## Provided records
****

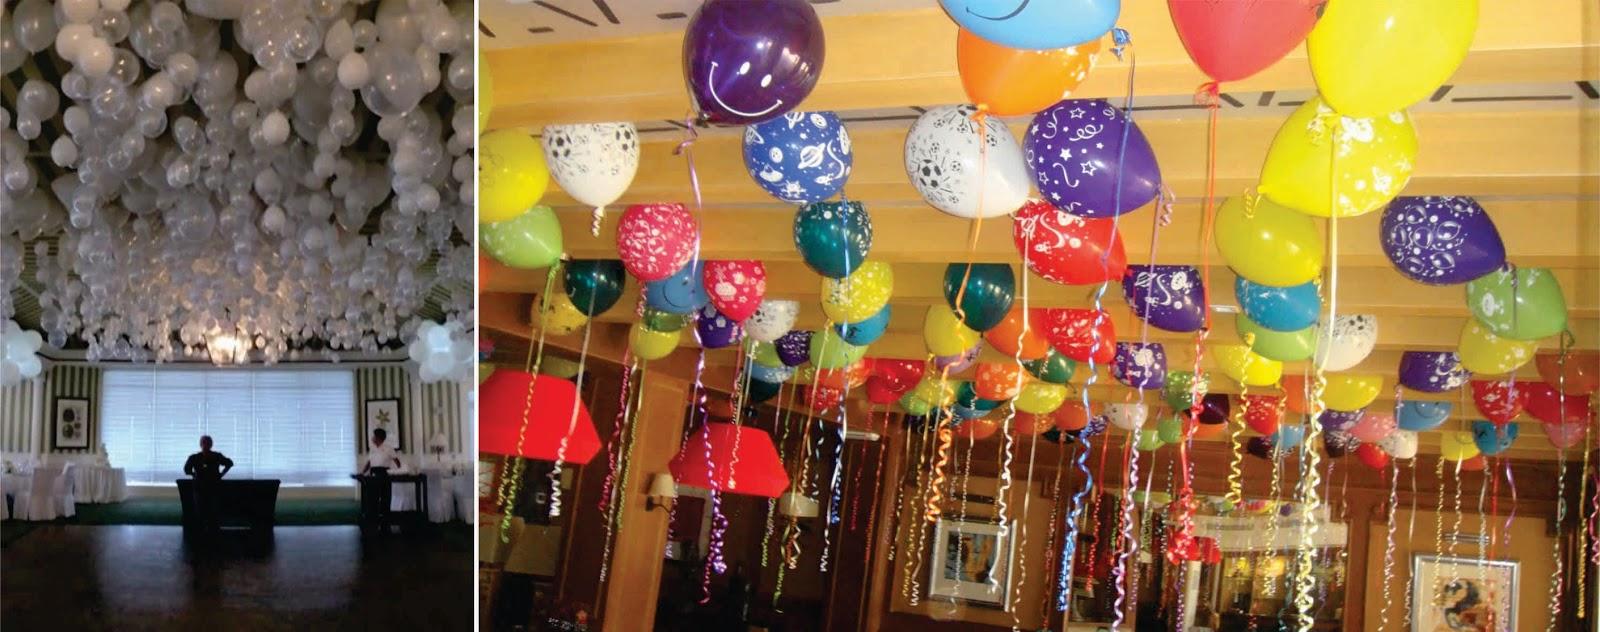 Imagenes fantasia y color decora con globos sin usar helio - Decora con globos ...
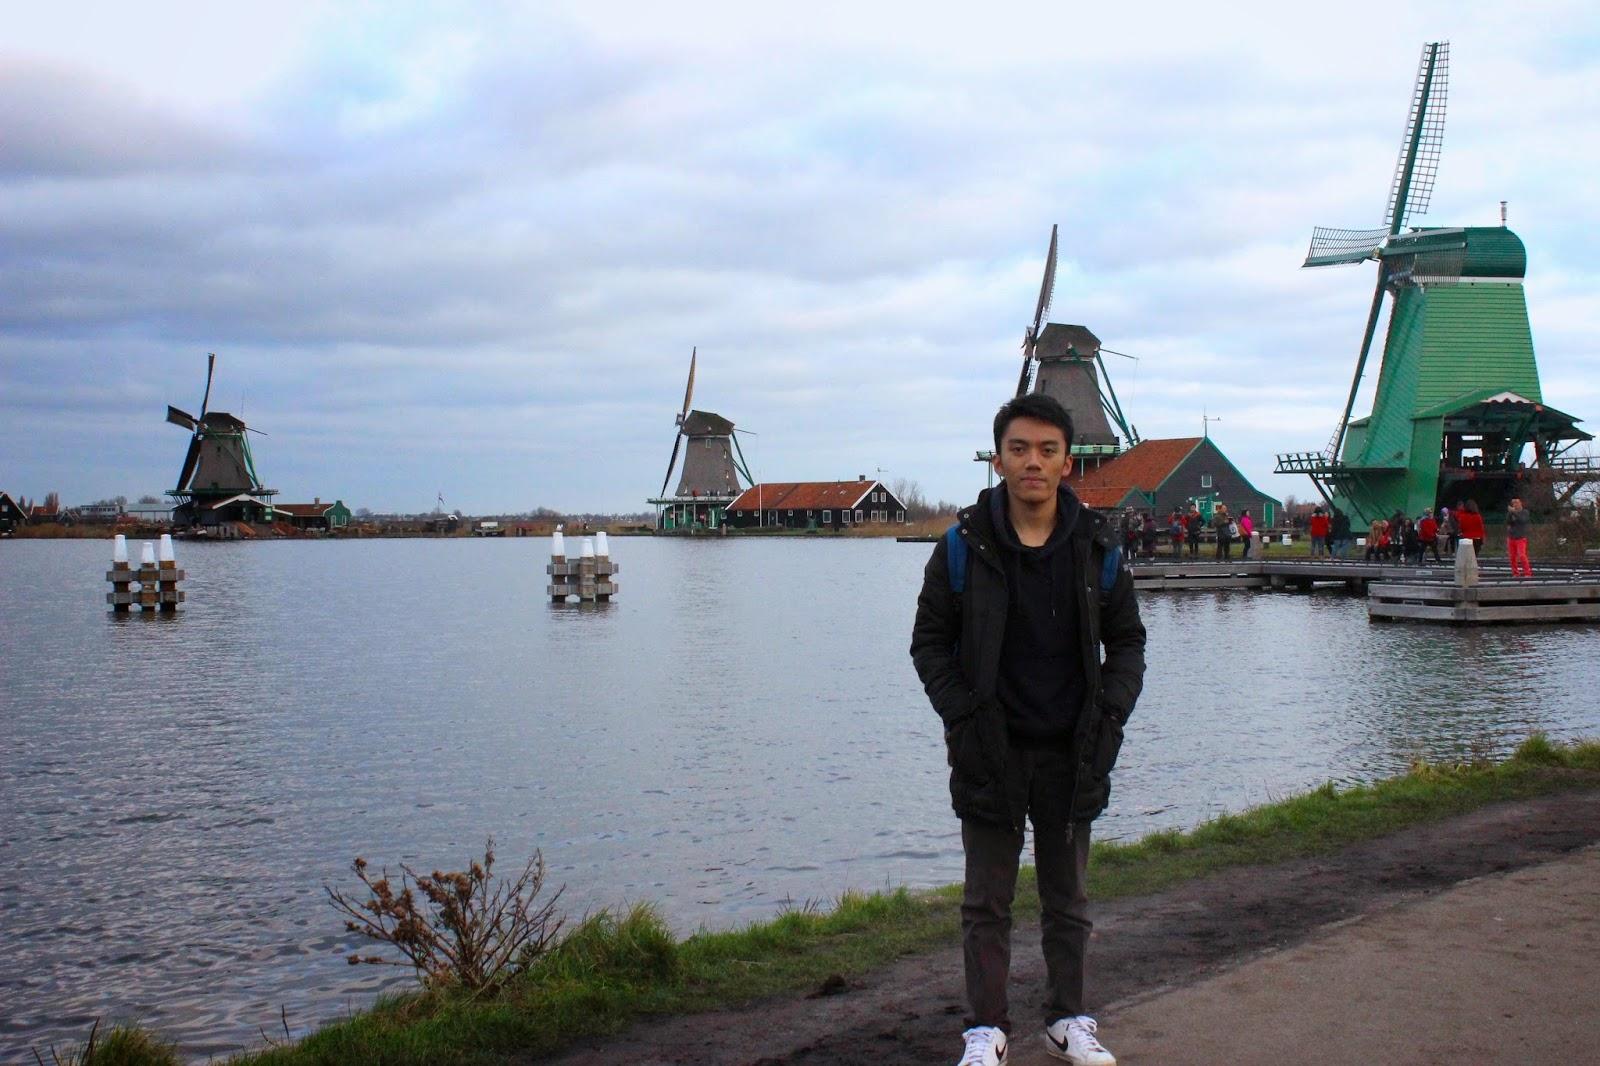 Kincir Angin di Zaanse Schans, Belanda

****

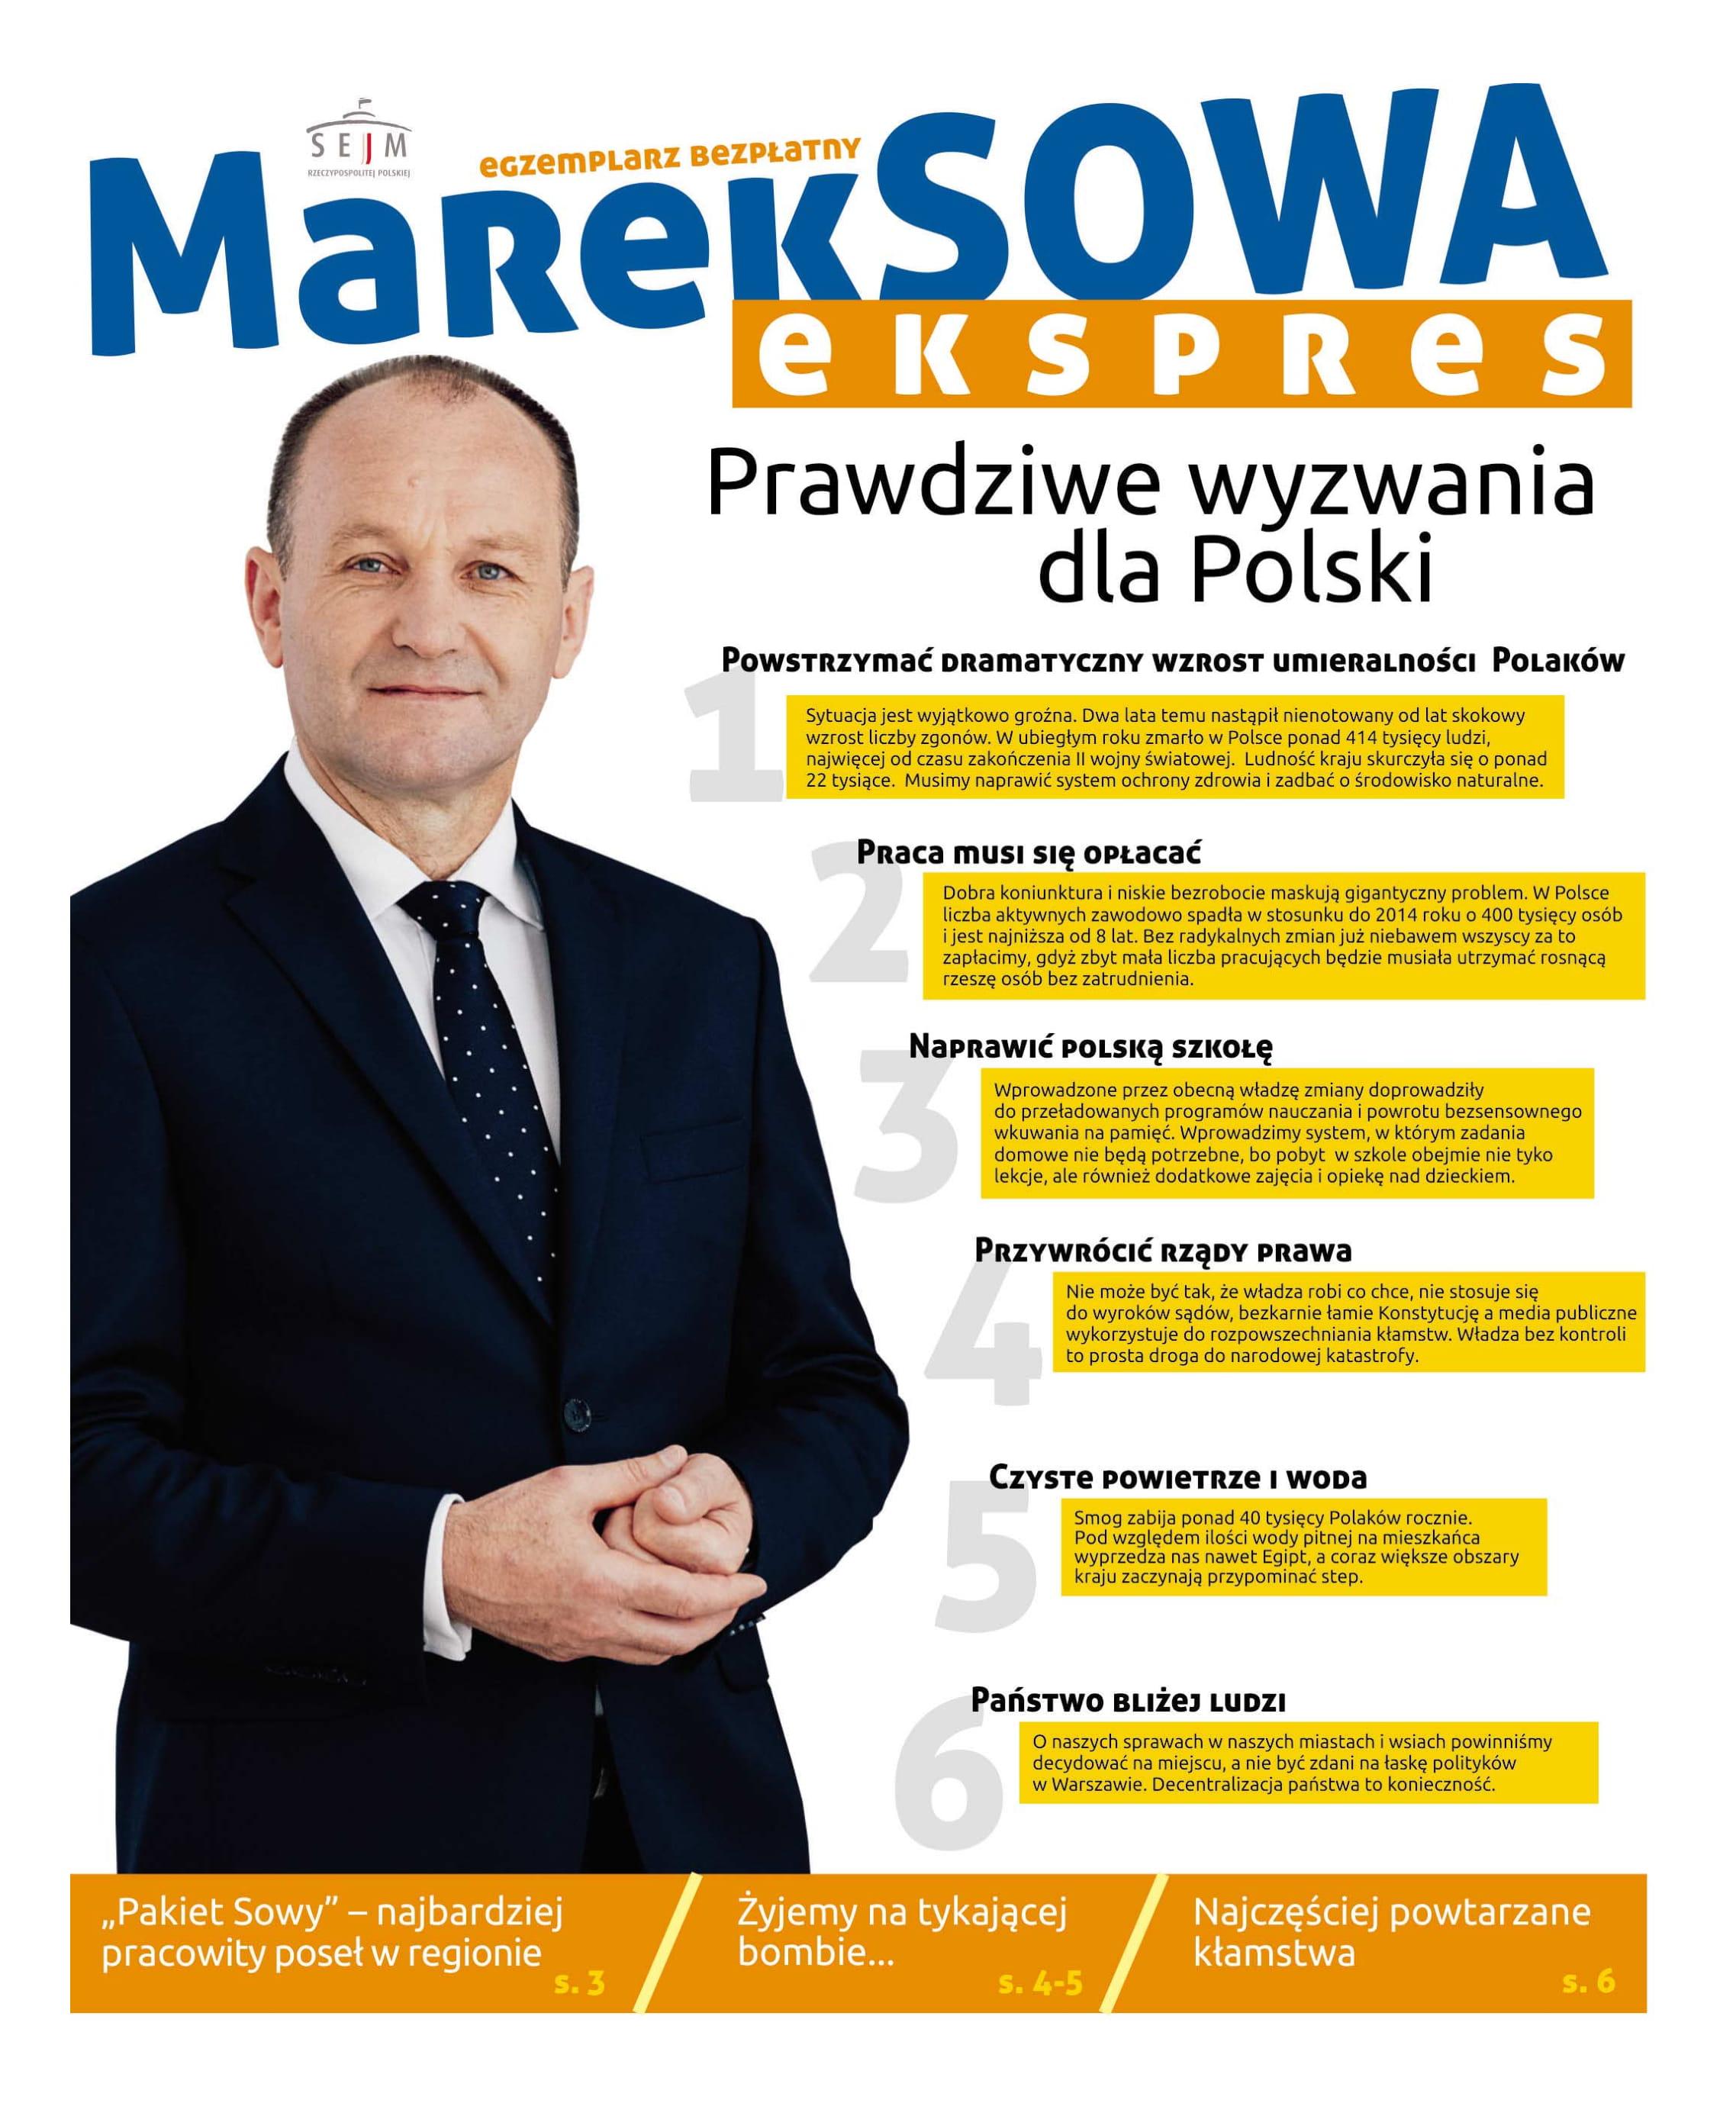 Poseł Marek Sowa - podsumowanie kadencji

****

## About this exercise
Your reply is to be an exact repeat of the listing above from the line holding "Imagenes fantasia y" down to the line holding "Kincir Angin di Zaanse Schans, Belanda", ends included, pictures excluded.

## Answer to the problem
 Imagenes fantasia y color decora con globos sin usar helio - Decora con globos ...
 Kincir Angin di Zaanse Schans, Belanda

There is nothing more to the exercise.